## Data block:
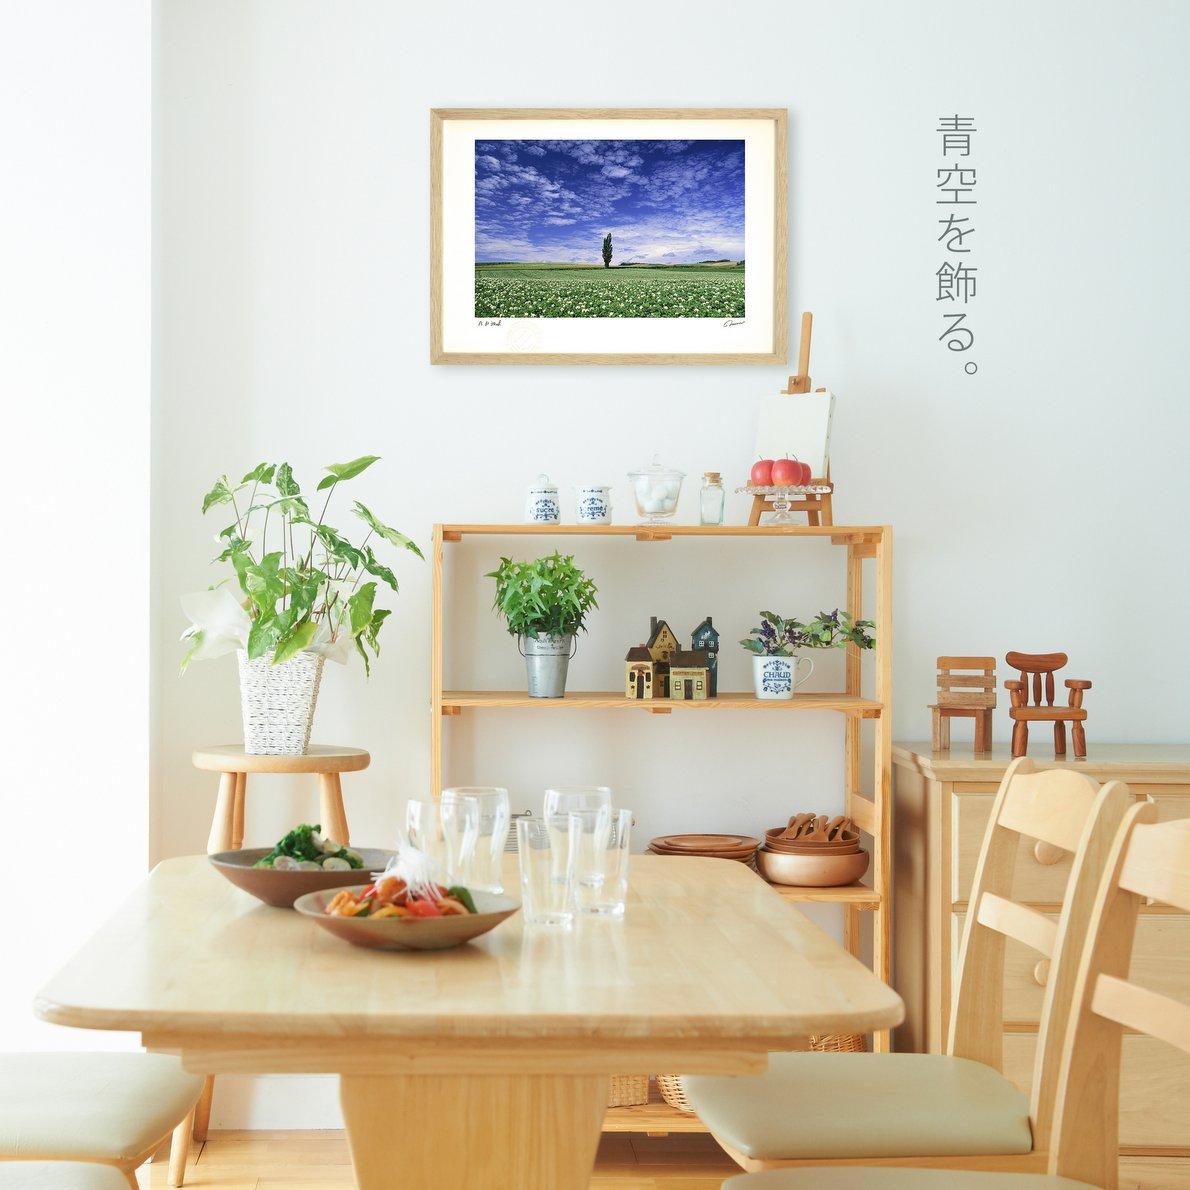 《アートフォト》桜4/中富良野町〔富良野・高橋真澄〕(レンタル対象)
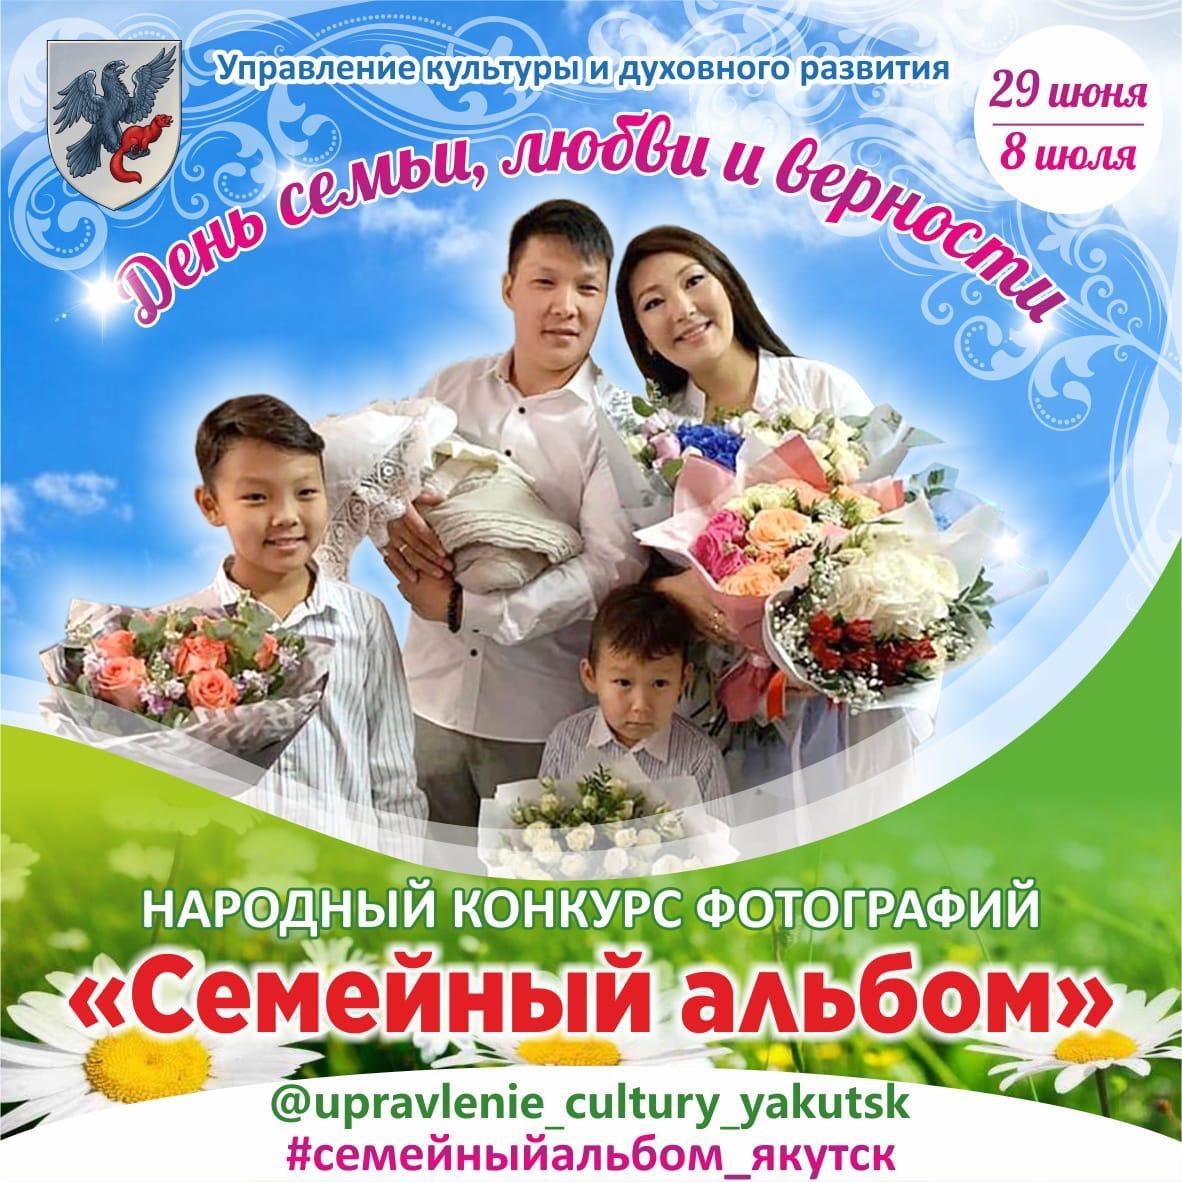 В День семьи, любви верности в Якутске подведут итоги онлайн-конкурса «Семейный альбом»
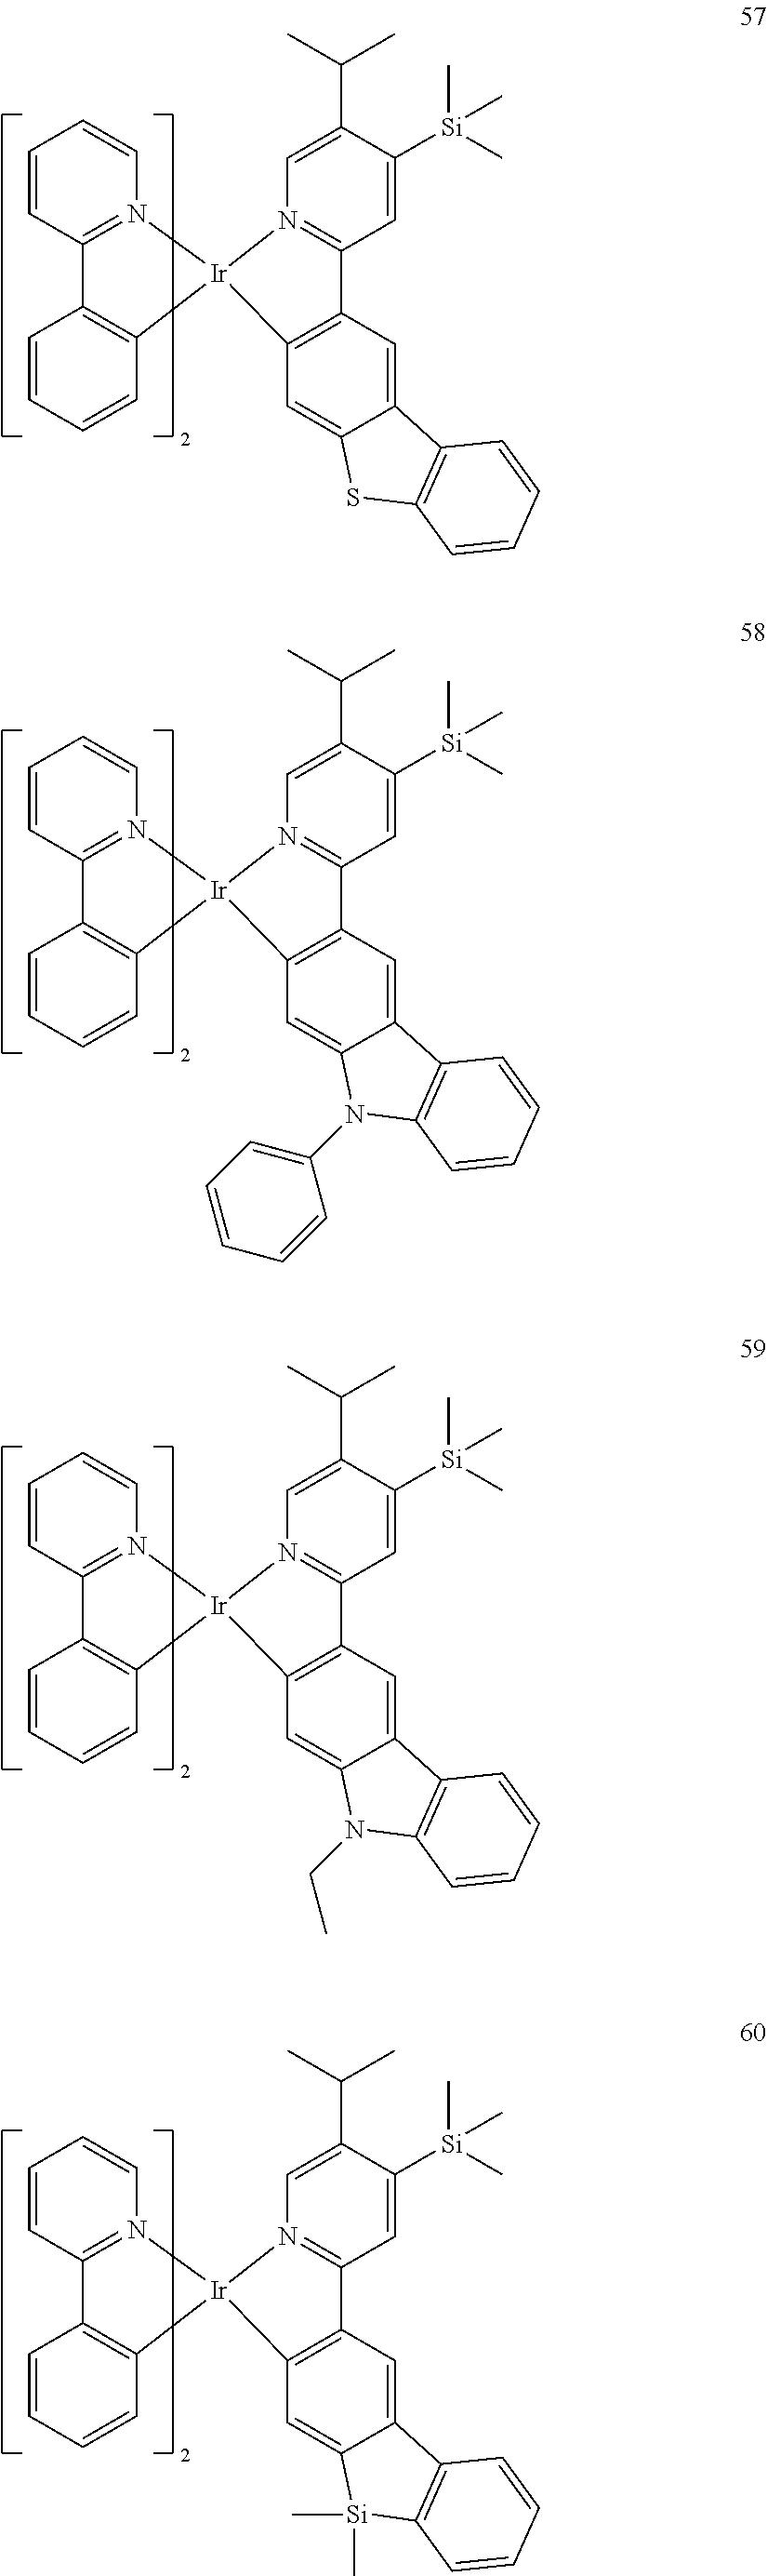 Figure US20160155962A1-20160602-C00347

## Task to carry out:
Quote the material word for word, dropping any images it holds.

## Problem solution:
 《アートフォト》桜4/中富良野町〔富良野・高橋真澄〕(レンタル対象)
 В День семьи, любви верности в Якутске подведут итоги онлайн-конкурса «Семейный альбом»
 Figure US20160155962A1-20160602-C00347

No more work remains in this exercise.